So I think both loops will work the same way. They are both going to process their messages while there are any in their local queue. The total processing time will probably only be a few ms even if you are constantly moving your mouse. Once windows stops sending your process messages and moves on the the next process is when your game will do all of its stuff. Sorry if I got it wrong or confused you more. I''m still a beginner too.

Take a look at Tricks on page 52-53 for some figures and a better explanaition.

p.s. excuse me english. im from L.A.
**DrunkenBastard puts on a bunny suit and beats you to death with a metal dildo**
I''m not even sure that windows sends a message if the mouse is moved. That''s for you to determine by polling the mouse every frame. Anyway, I use the method you posted, and it works fine.
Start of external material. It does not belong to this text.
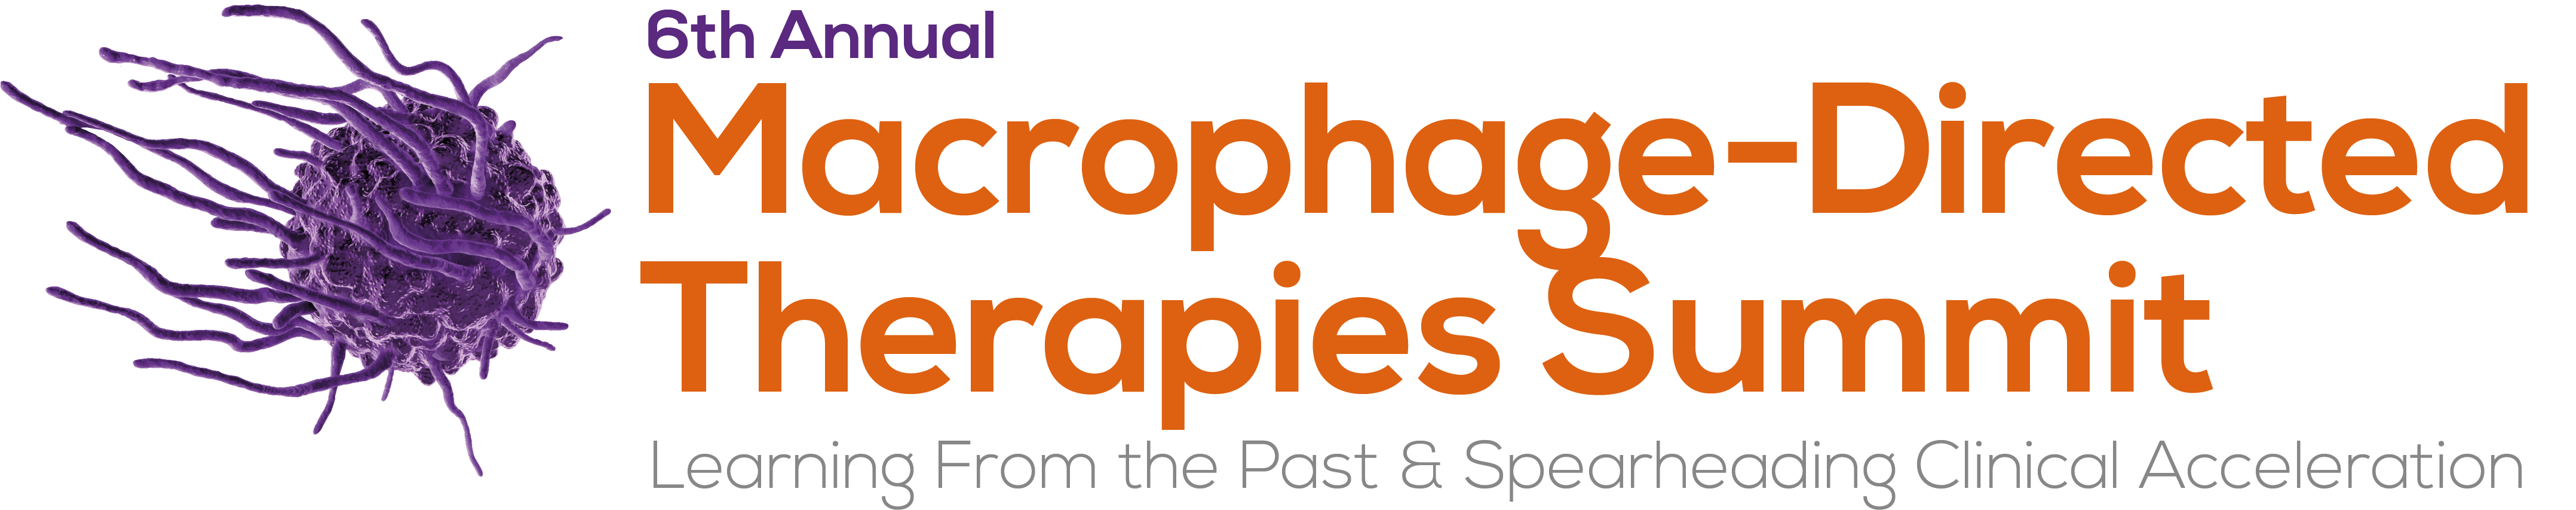 6th Macrophage-Directed Therapies Summit - Logo

I guess windows sends messages so infrequently that the drop in frame rate is unnoticable. Doing it the other way may be better, as long as you make sure not to do anything silly like running the game code after recieving a destroy message and shutting down.
Tolerance is a drug. Sycophancy is a disease.
DrunkenBastard is right, even if you continuously move the mouse, you cannot generate enough messages to stop the else code from executing. However, I still prefer the method without the else. If there is ever a time when there are a ton of messages being genereated, then code without the else will be more robust. And since it appears to work the same most of the time, it does not hurt to remove the else.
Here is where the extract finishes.